§ **Description of the task**: After finding "Endangered Animals (Wild Stickers Series)" in the material below, output its line and every line after it through the last, exactly, but not the pictures.

§ **Data**:
+---+
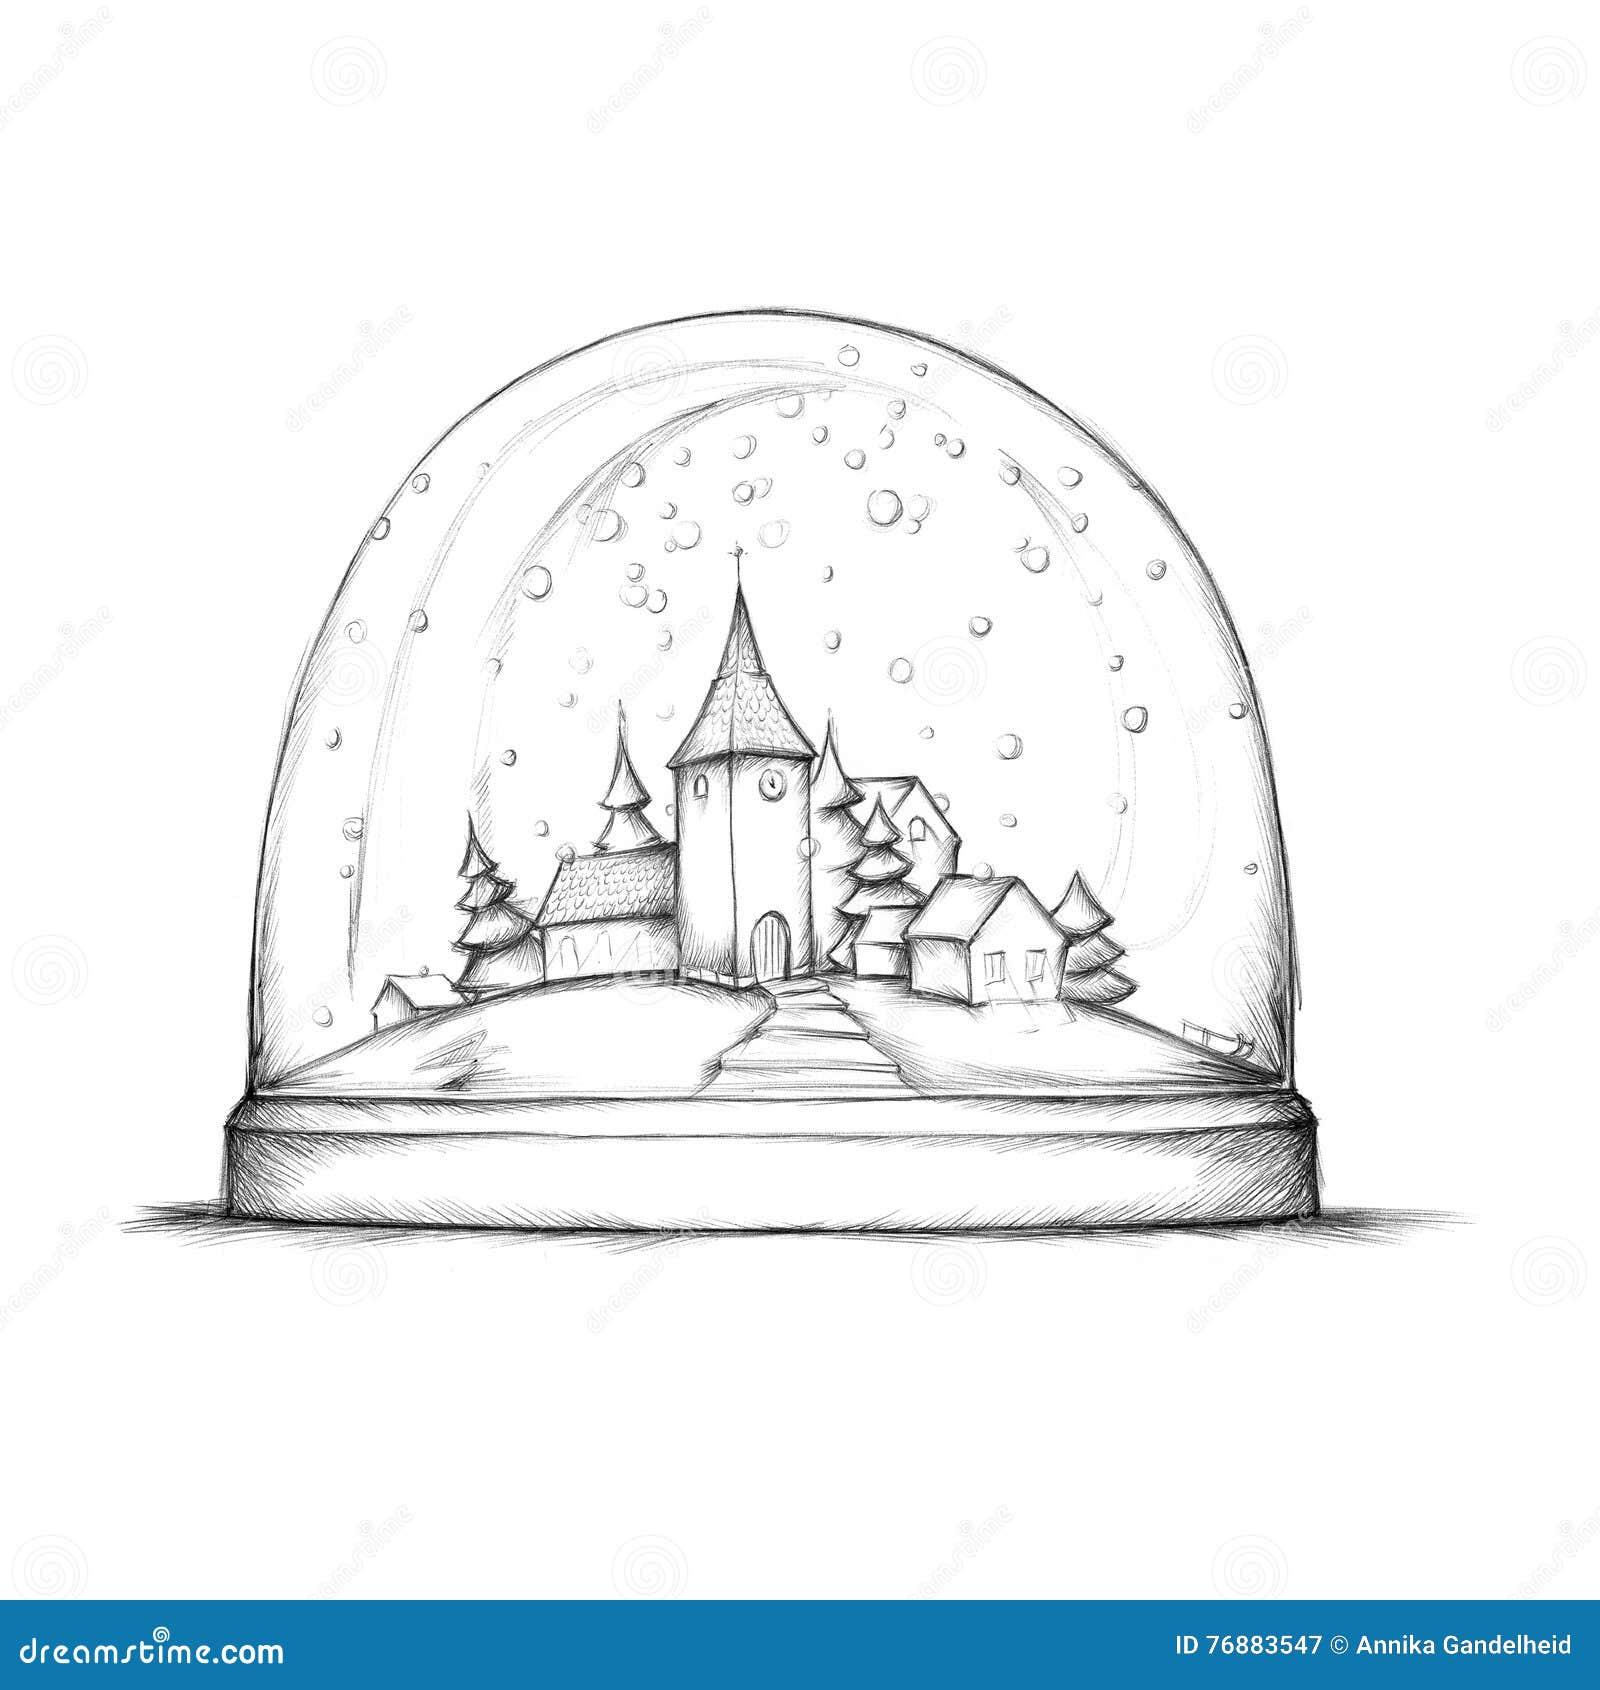 Schneekugel mit kleinem Dorf
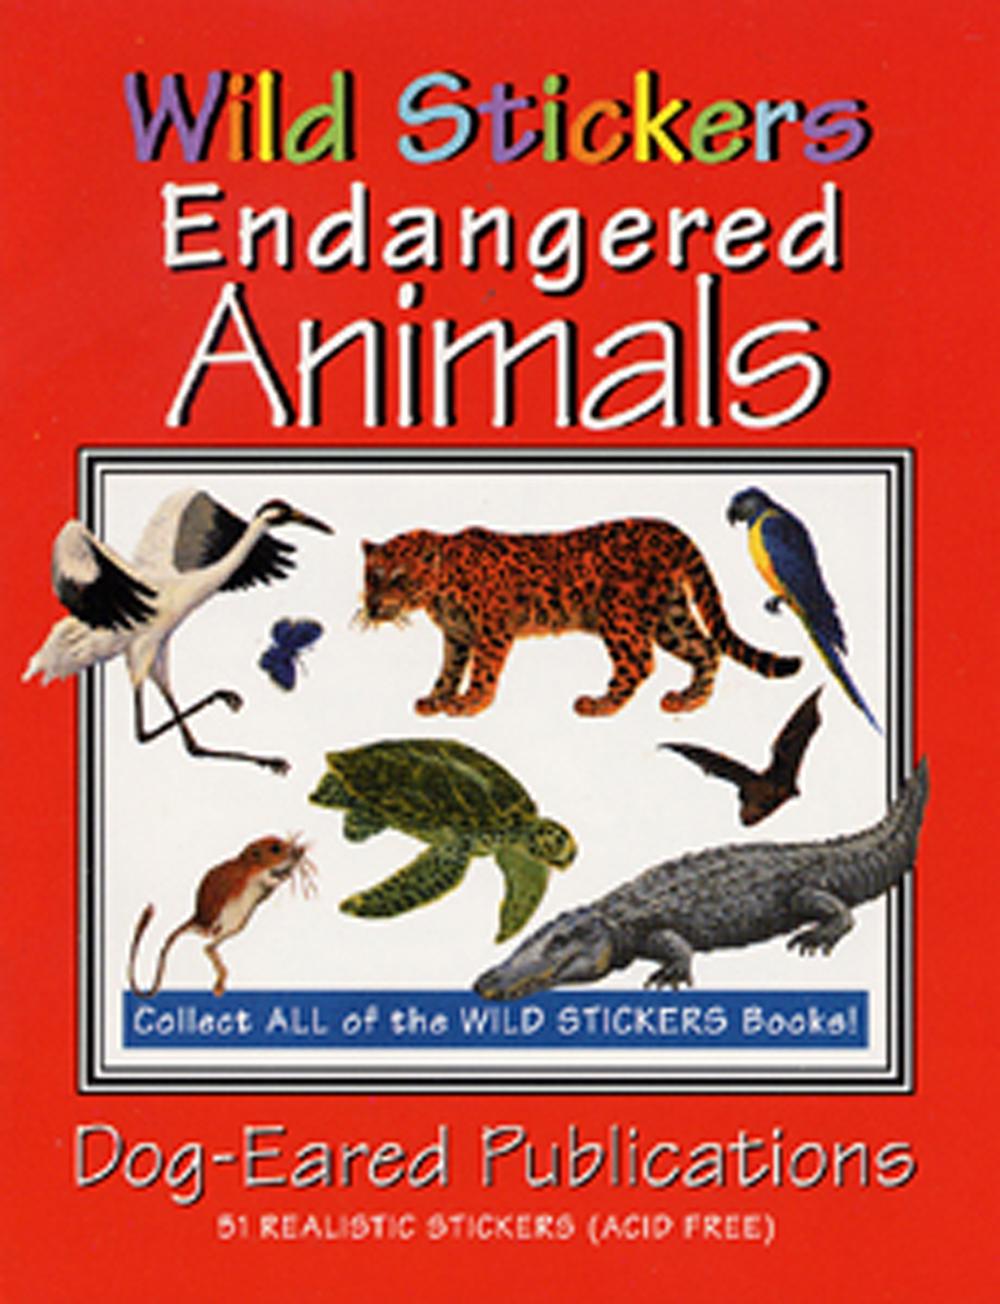 Endangered Animals (Wild Stickers Series)
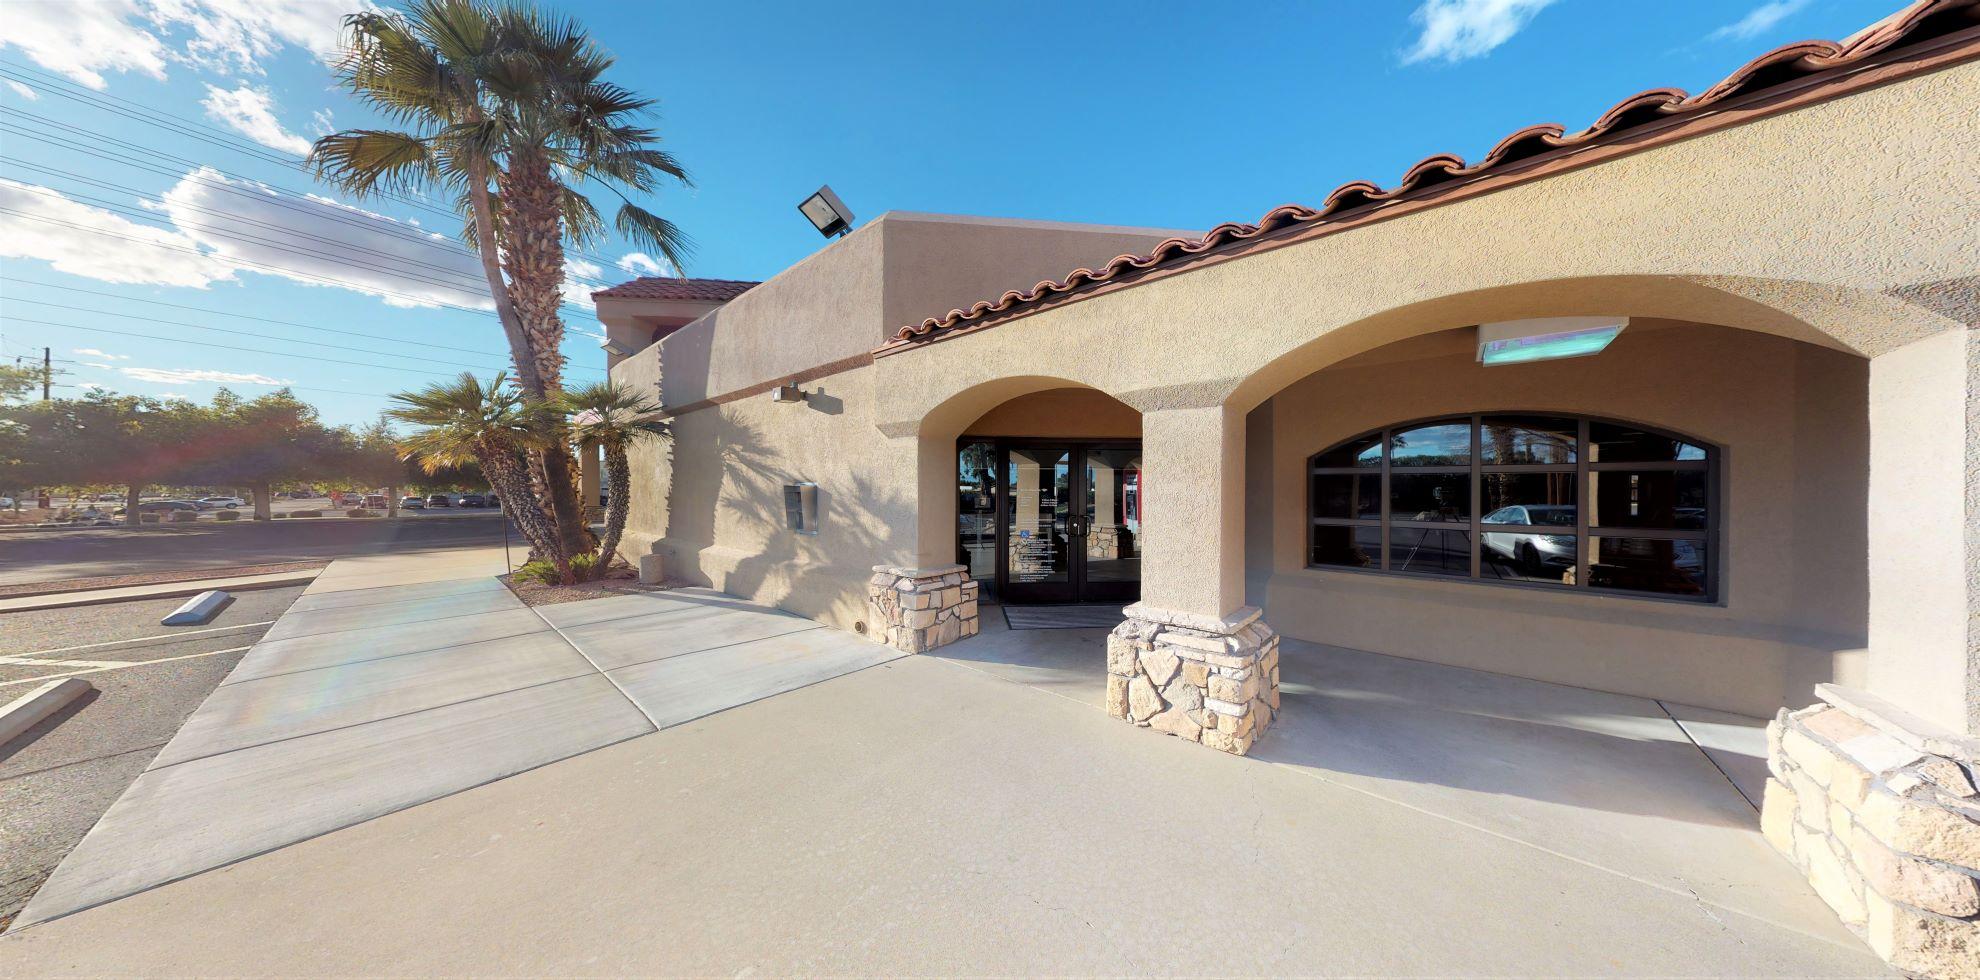 Bank of America financial center with drive-thru ATM | 9602 E Riggs Rd, Sun Lakes, AZ 85248
+---+
§ **Answer to this task**:
 Endangered Animals (Wild Stickers Series)
 Bank of America financial center with drive-thru ATM | 9602 E Riggs Rd, Sun Lakes, AZ 85248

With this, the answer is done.